G. is for Grape Leaves. These are one of my favorite appetizers. They also make a great snack or side dish. The recipe to make the stuffing is quite easy, but stuffing the grape leaves takes a bit of practice and some luck. Try it!
For the Rice Stuffing:
- 3 tablespoons currants
- Warm water
- 2 tablespoons extra-virgin olive oil
- 3 tablespoons pine nuts
- 1/2 cup finely chopped onion
- 1 cup long grain white rice (brown rice can be used too!)
- 1 tablespoon sugar
- 1 1/2 teaspoons ground cinnamon
- 2 cups hot water
- Juice of 1 lemon
- 2 tablespoons finely-chopped fresh mint leaves
- 2 tablespoons finely-chopped fresh dill
- 2 tablespoons finely-chopped fresh parsley
- Salt and freshly-ground pepper to taste
For the Leaves
- 1 (16-ounce) jar grape leaves
- 2 cups hot water
- 1/4 cup extra-virgin olive oil
- 2 tablespoons lemon juice
Directions to make the rice stuffing:
- Soak currants in warm water for 20 minutes; drain and set aside.
- In a saucepan heat olive oil over medium heat
- Add pine nuts; stir and cook the pine for about 2 minutes until they are golden brown. (watch carefully so that they don’t burn!)
- Add onion, rice, sugar, cinnamon, and hot water
- Stir and cover
- Cook until all the water has been absorbed (about 15 to 20 minutes)
- Remove from heat and stir in the lemon juice, dill, mint and parsley
- Season to taste with salt and pepper
- Let cool about 40 minutes before rolling grape leaves
Directions to prepare leaves
- Fill a large pot with salted water and bring to a boil.
- As the water is heating, trim the leaves by cutting the stems off, flush with the leaves.
- Trim any large, hard veins from the leaves.
- Place the leaves in the boiling water and let them soften for 3-5 minutes till they become pliable
- Drain and cover leaves with cold water
- Drain the leaves again and pat them dry.
- Take a leaf and carefully spread it on a cutting board with the shiny side down, bumpy side up
- Place 1 to 2 tablespoons of the rice stuffing near where the stem was(amt will depend on size of leaf)
- Fold the stem end of the leaf over the filling
- Fold both sides toward the middle, and then roll up into a cigar shape
- Squeeze lightly in the palm of your hand to seal the roll
- Repeat until filling is gone.
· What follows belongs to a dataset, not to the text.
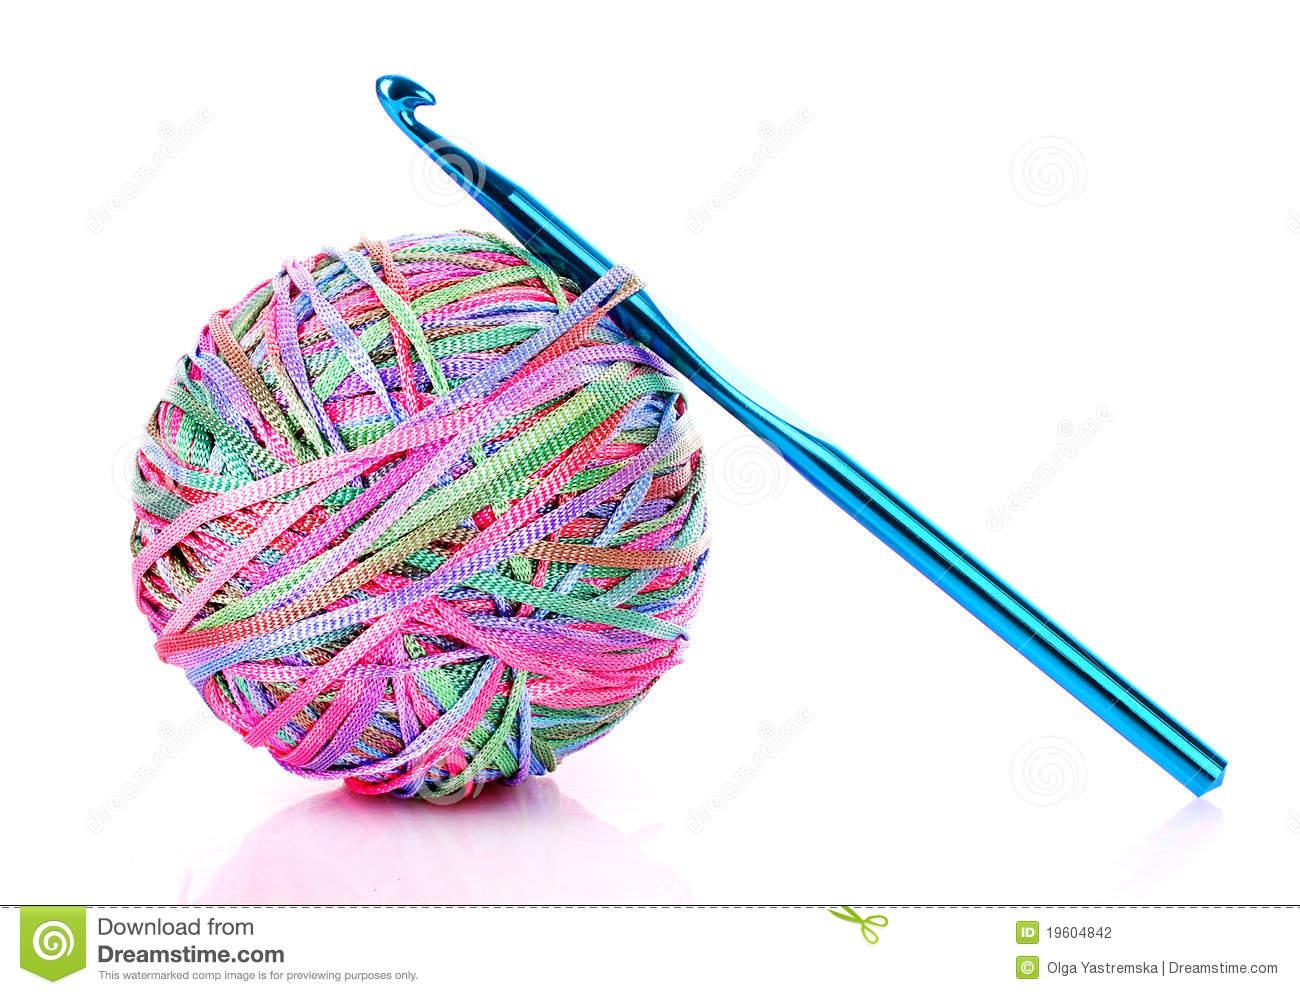 Seivo   Image   Crochet Hook Clip Art   Seivo Web Search Engine

Set aside any torn leaves
- Line the bottom of a large pot with the torn and unused leaves to create a bed for the stuffed grape leaves
- Arrange the stuffed grape rolls seam side down close together
- Pour the 2 cups hot water, olive oil, and lemon juice over them
- Heat over medium heat until the liquid begins to simmer
- Turn heat to low
- Weigh the stuffed grapes rolls down with an oven proof plate turned upside down
- Cover the baking dish with a lid and cook 35 to 40 minutes until the grape leaves are tender.